GRANT SELECT, INSERT, UPDATE, DELETE, CREATE, DROP ON wordpress.* TO 'wpuser'@'localhost'
IDENTIFIED BY 'password';

By requiring that the user access the database from the local server only, we mitigate the possibility of remote database attacks. Further, by granting the user access to only the wordpress database, we ensure that other databases will remain safe should an attacker gain access.

Once the database and user have been setup, install WordPress as normal and continue with the next step.

Step 2 – Setting up a secure configuration file

There are two things we want to do with the wp-config.php file: implement Authentication Unique Keys and change the default database prefix. Let’s do it..

Implement Authentication Unique Keys

Directly after your MySQL database credentials in the wp-config.php file, you have the option of specifying a set of Authentication Unique Keys. These keys improve WordPress’ authentication system, providing strong security to your site. It is highly recommended that you take advantage of this feature.

/**#@+
 * Authentication Unique Keys.
 *
 * Change these to different unique phrases!
 * You can generate these using the {@link https://api.wordpress.org/secret-key/1.1/ WordPress.org secret-key service}
 * You can change these at any point in time to invalidate all existing cookies.

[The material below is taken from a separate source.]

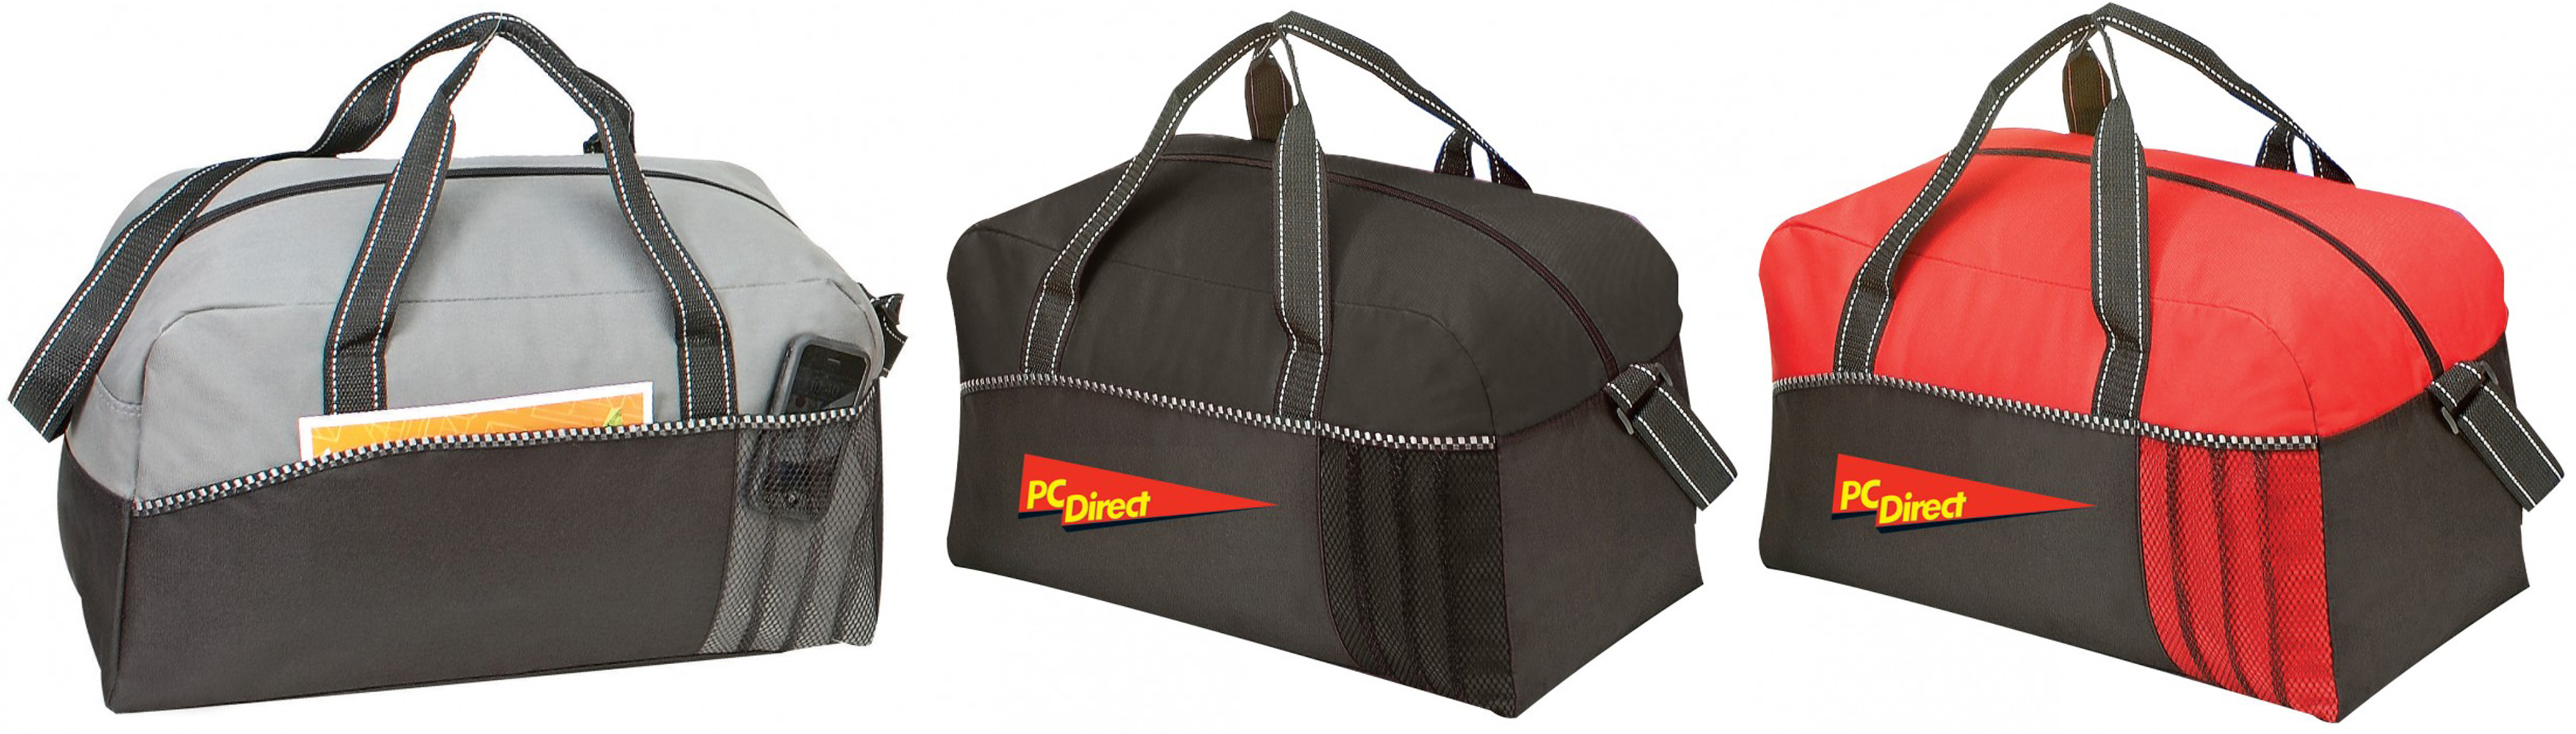 large duffle bag with compartments

This will force all users to have to log in again.
 *
 * @since 2.6.0
 */
define('AUTH_KEY', 'put your unique phrase here');
define('SECURE_AUTH_KEY', 'put your unique phrase here');
define('LOGGED_IN_KEY', 'put your unique phrase here');
define('NONCE_KEY', 'put your unique phrase here');
/**#@-*/

To do so, visit the official secret-key generation service and paste the results into your config.php file (replace the four lines beginning with “define”).

While you are you setting up the WordPress configuration file, you also may want to go ahead and optimize performance and implement some other choice configuration tricks.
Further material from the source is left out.